The transcriptional regulators SteA and StuA contribute to keratin degradation and sexual reproduction of the dermatophyte Arthroderma benhamiae.
(2016) The transcriptional regulators SteA and StuA contribute to keratin degradation and sexual reproduction of the dermatophyte Arthroderma benhamiae. Curr Genet 63(1), 103-116.
Most superficial fungal infections are caused by dermatophytes, a specialized group of filamentous fungi which exclusively infect keratinized host structures such as hair, skin and nails. Since little is known about the molecular basis of pathogenicity and sexual reproduction in dermatophytes, here we functionally addressed two central transcriptional regulators, SteA and StuA. In the zoophilic species Arthroderma benhamiae a strategy for targeted genetic manipulation was recently established, and moreover, the species is teleomorphic and thus allows performing assays based on mating. By comparative genome analysis homologs of the developmental regulators SteA and StuA were identified in A. benhamiae. Knock-out mutants of the corresponding genes as well as complemented strains were generated and phenotypically characterized. In contrast to A. benhamiae wild type and complemented strains, both mutants failed to produce sexual reproductive structures in mating experiments. Analysis of growth on keratin substrates indicated that loss of steA resulted in the inability of ΔsteA mutants to produce hair perforation organs, but did not affect mycelia formation during growth on hair and nails.
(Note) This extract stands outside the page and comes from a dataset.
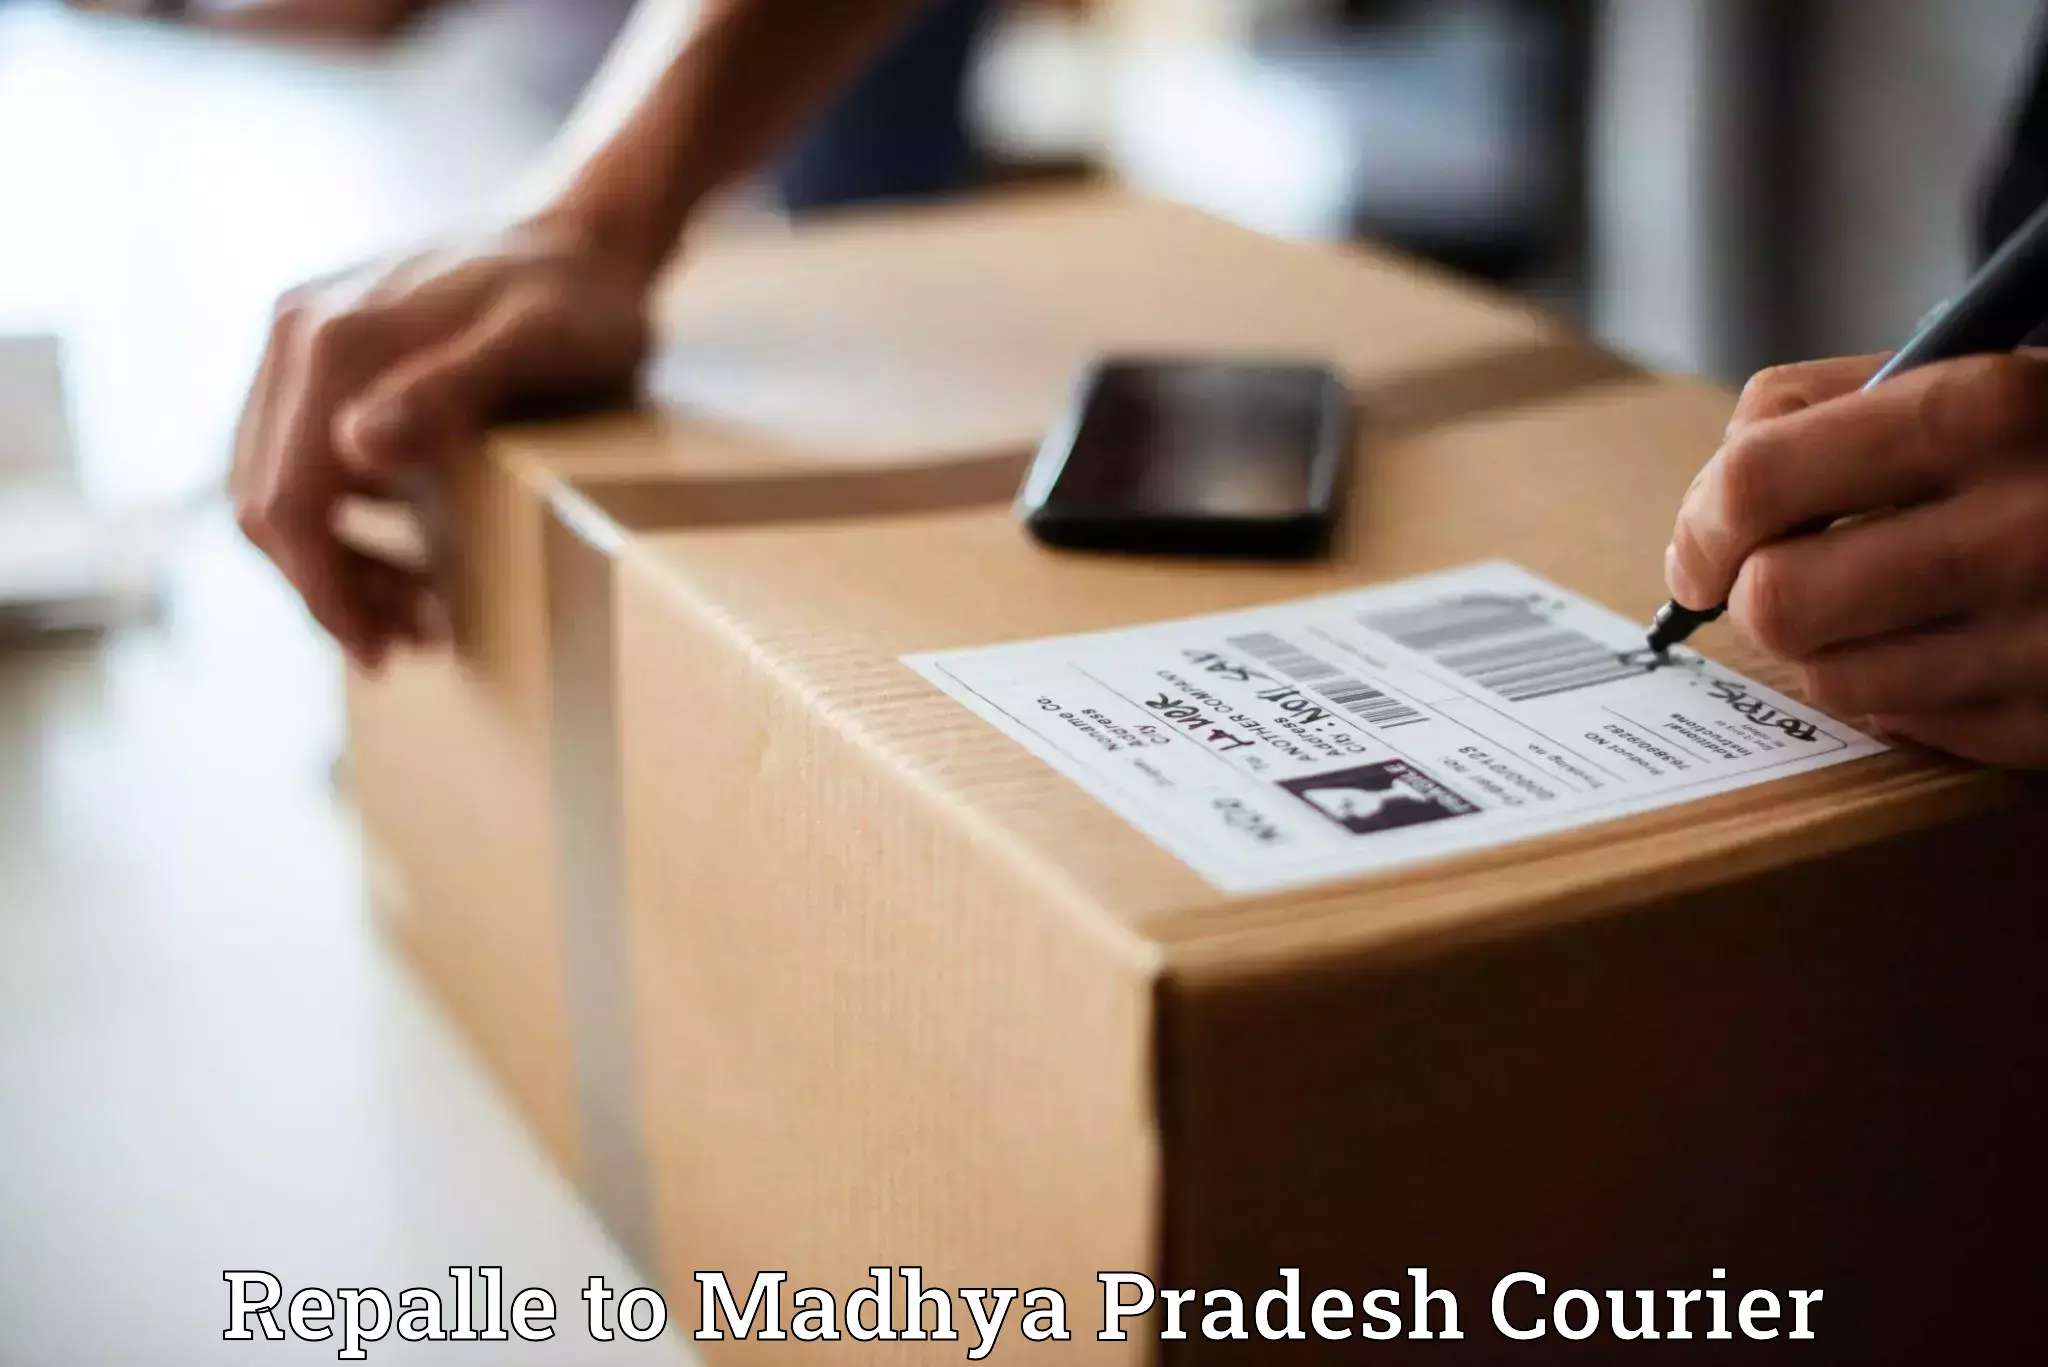 Next-generation courier services Repalle to Jabalpur
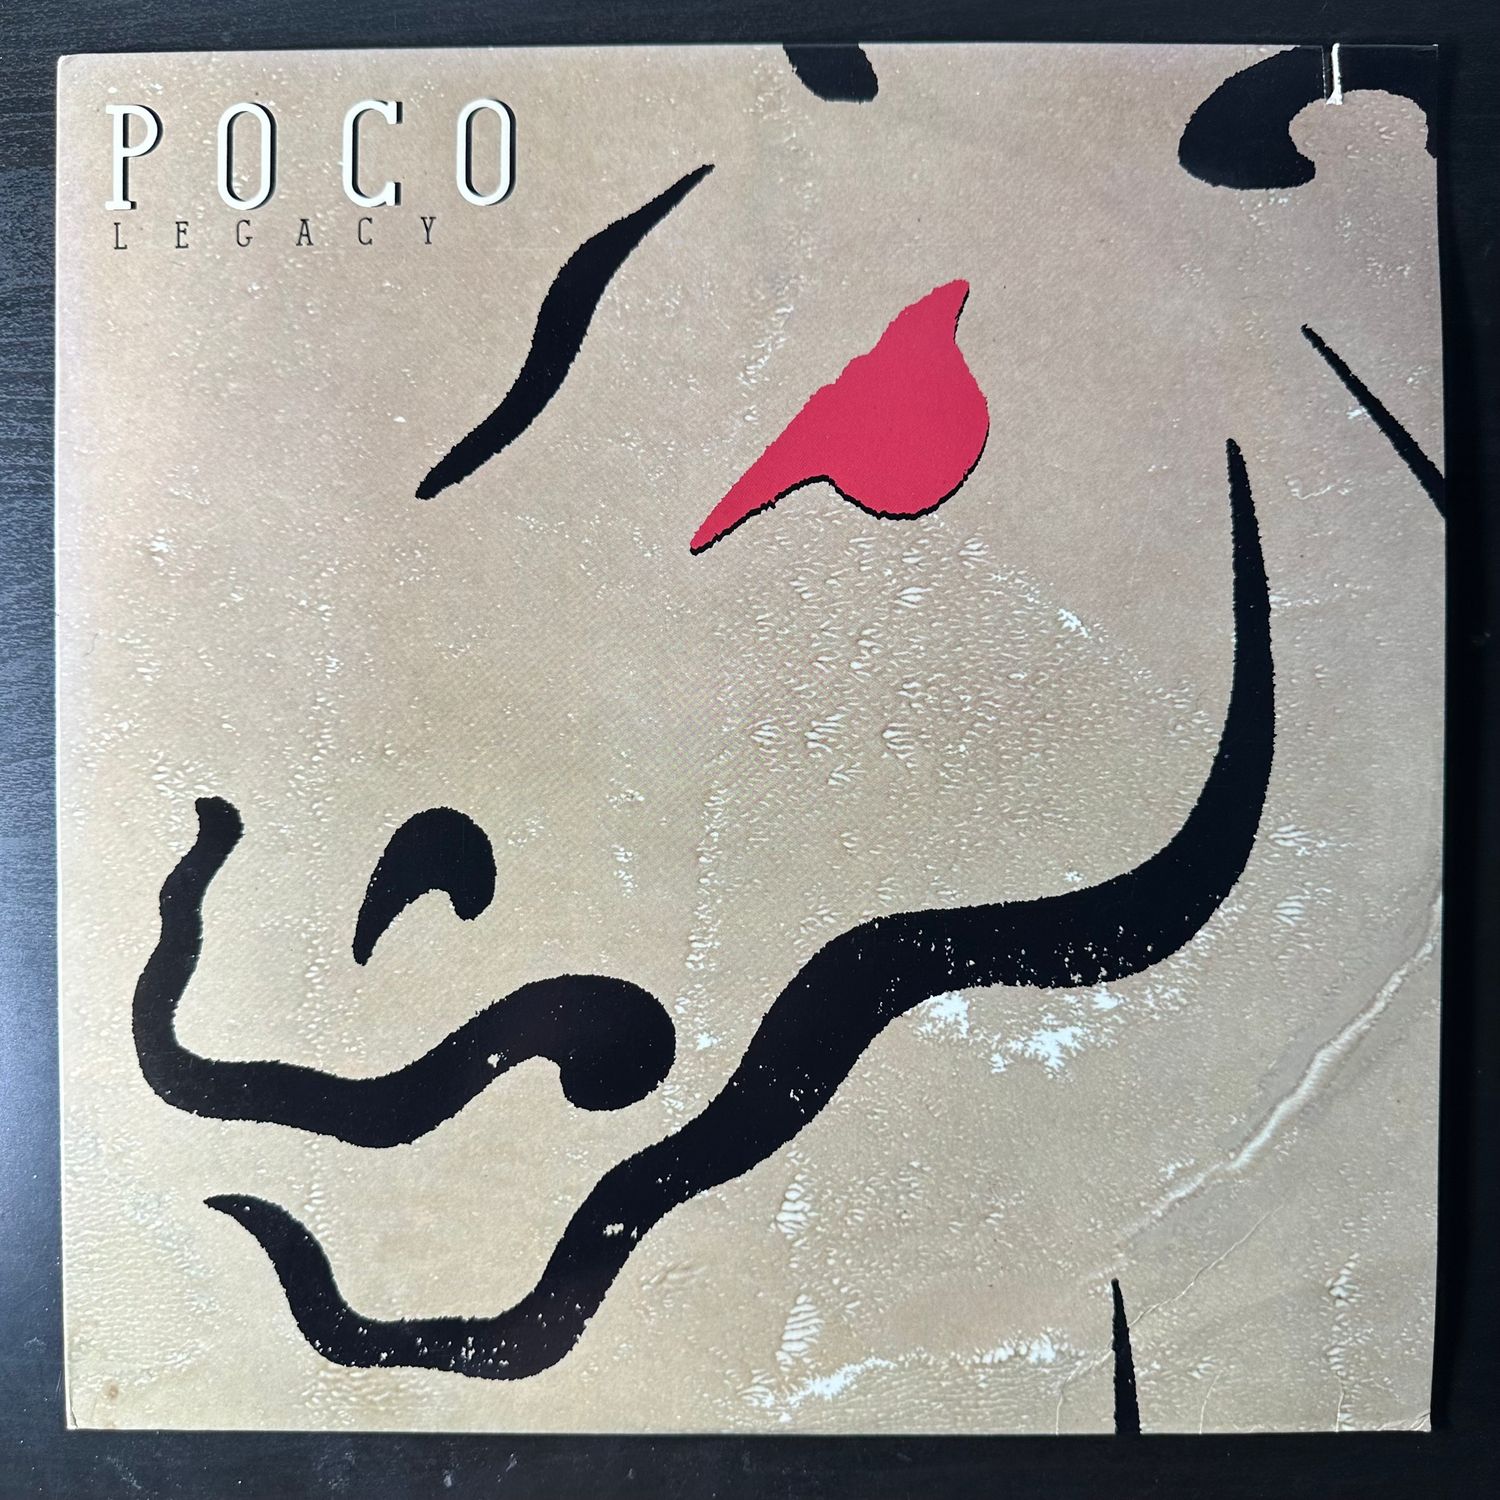 Poco – Legacy (США 1979г.)

By contrast, ΔstuA mutants displayed a severe growth defect on these substrates, but were still able to produce hair perforations. Hence, formation of hair perforation organs and fungal growth on hair per se are differentially regulated processes. Our findings on the major role of SteA and StuA during sexual development and keratin degradation in A. benhamiae provide insights into their role in dermatophytes and further enhance our knowledge of basic biology and pathogenicity of these fungi.